- **Requirement**:
Copy exactly the lines of the data below, beginning with the line with "Buzz Lightyear's batteries" and ending with the line with "Spooktacular Costume Ideas". Pictures are to be omitted.

- **Information provided**:
>>

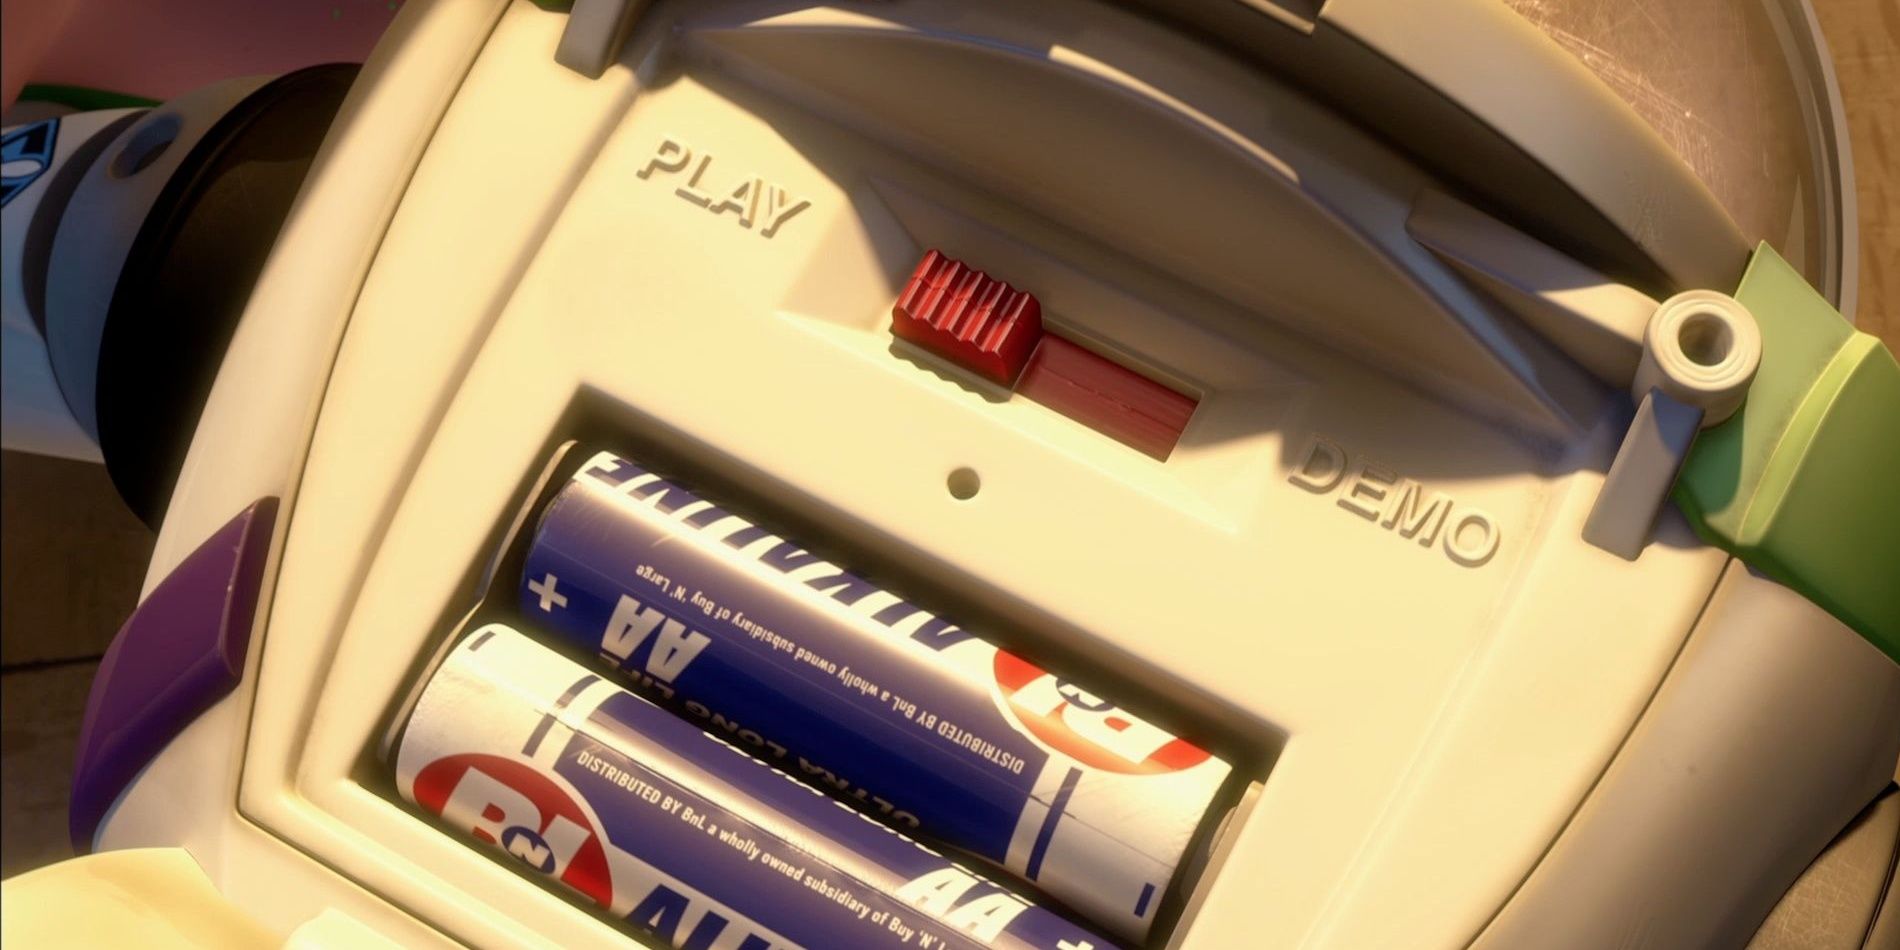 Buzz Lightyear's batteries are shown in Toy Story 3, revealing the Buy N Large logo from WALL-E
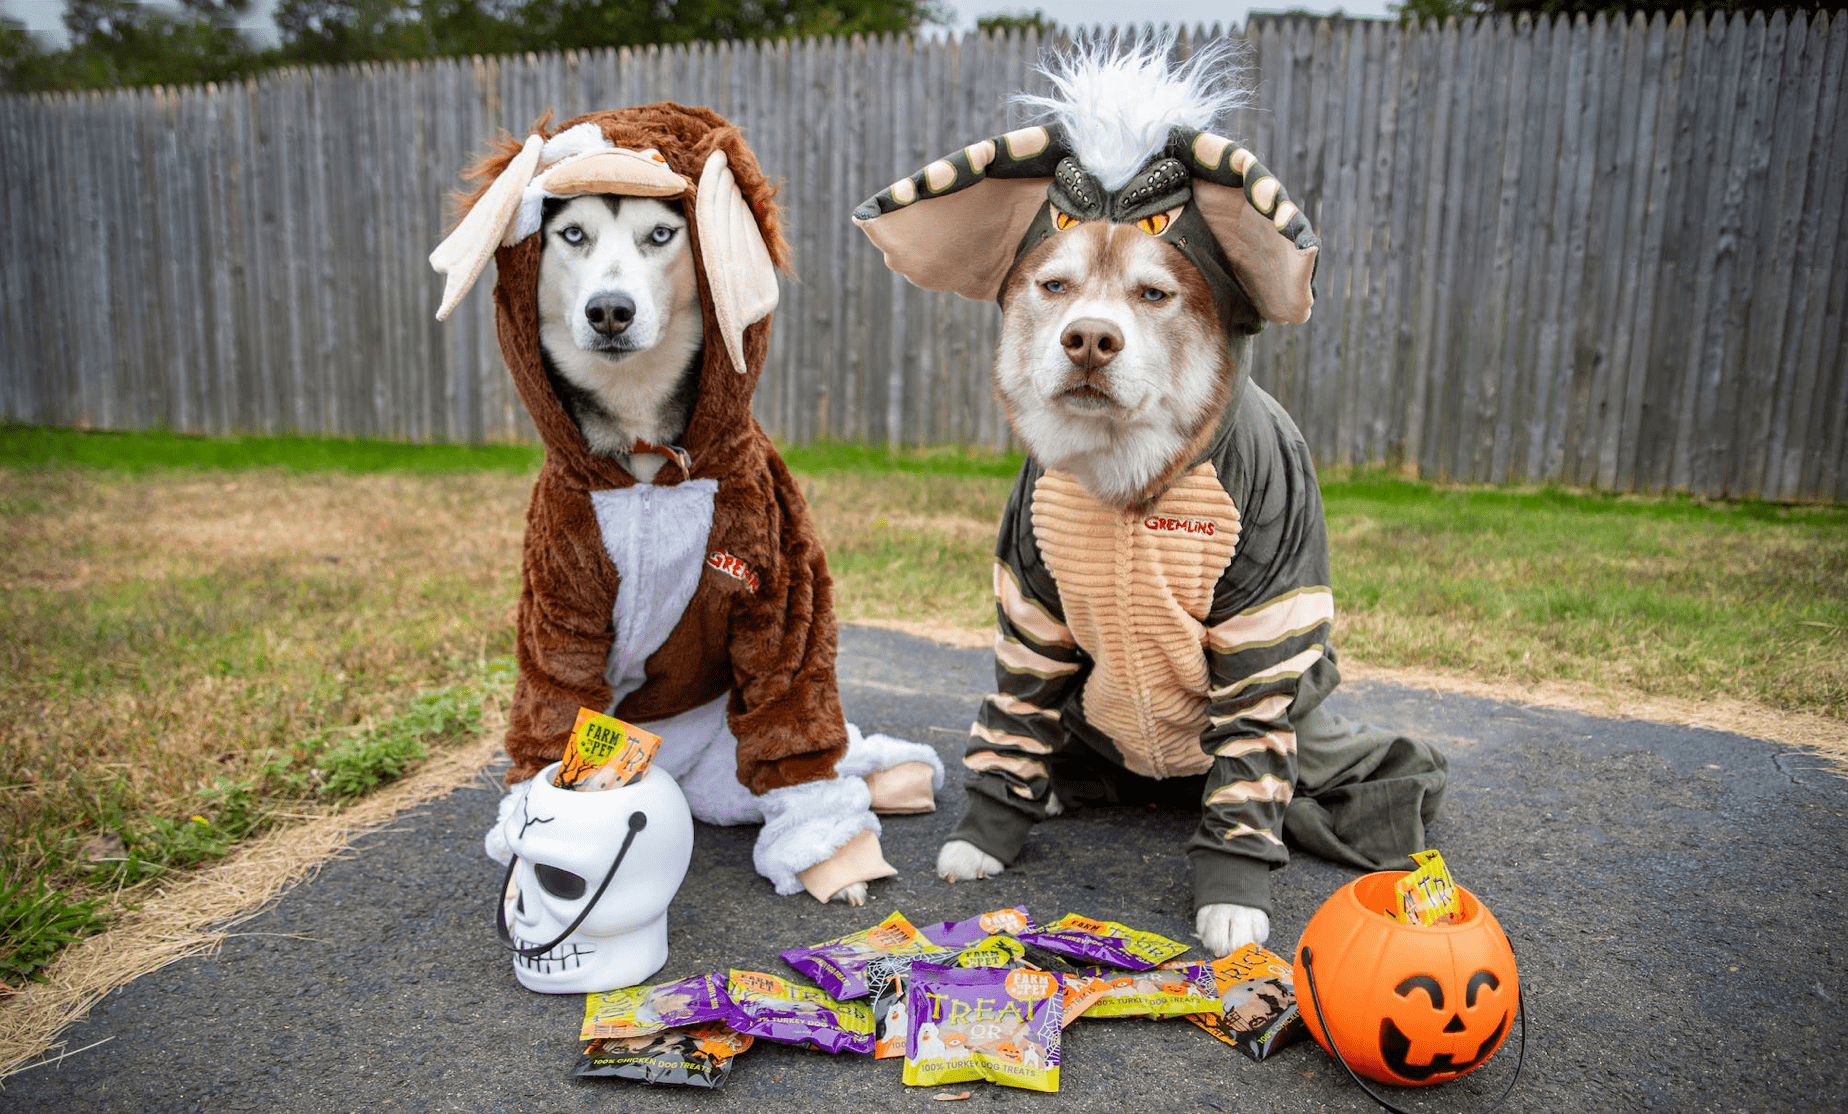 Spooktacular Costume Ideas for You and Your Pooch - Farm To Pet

<<
>>

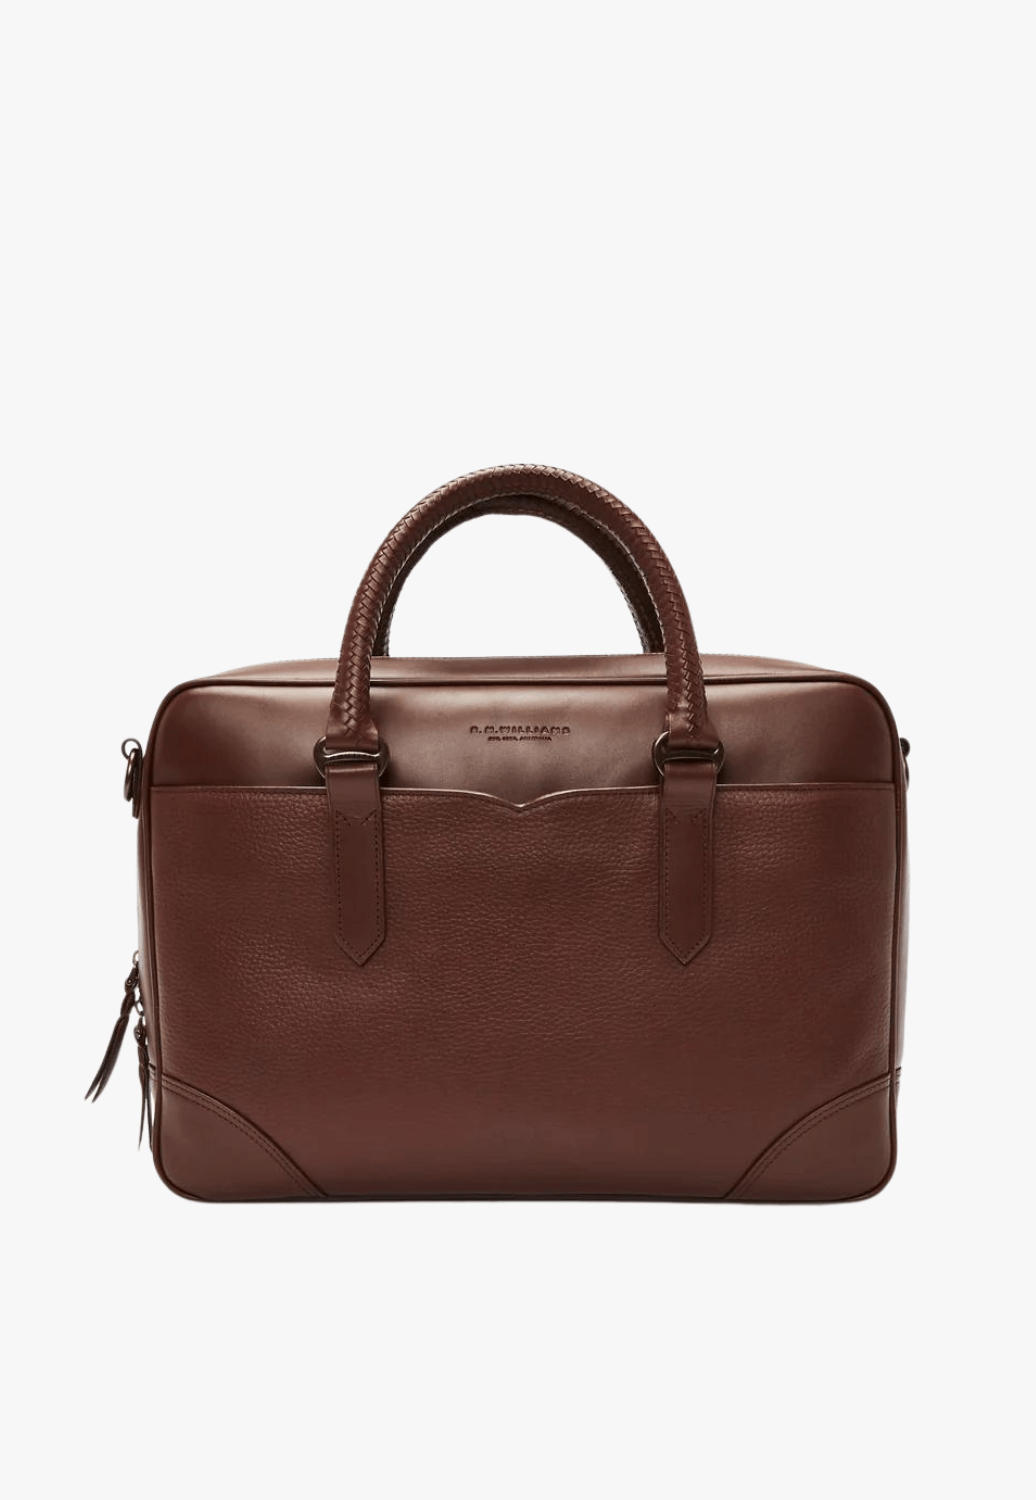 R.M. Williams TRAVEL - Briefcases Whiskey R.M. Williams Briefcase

<<

- **Response area**:
 Buzz Lightyear's batteries are shown in Toy Story 3, revealing the Buy N Large logo from WALL-E
 Spooktacular Costume Ideas for You and Your Pooch - Farm To Pet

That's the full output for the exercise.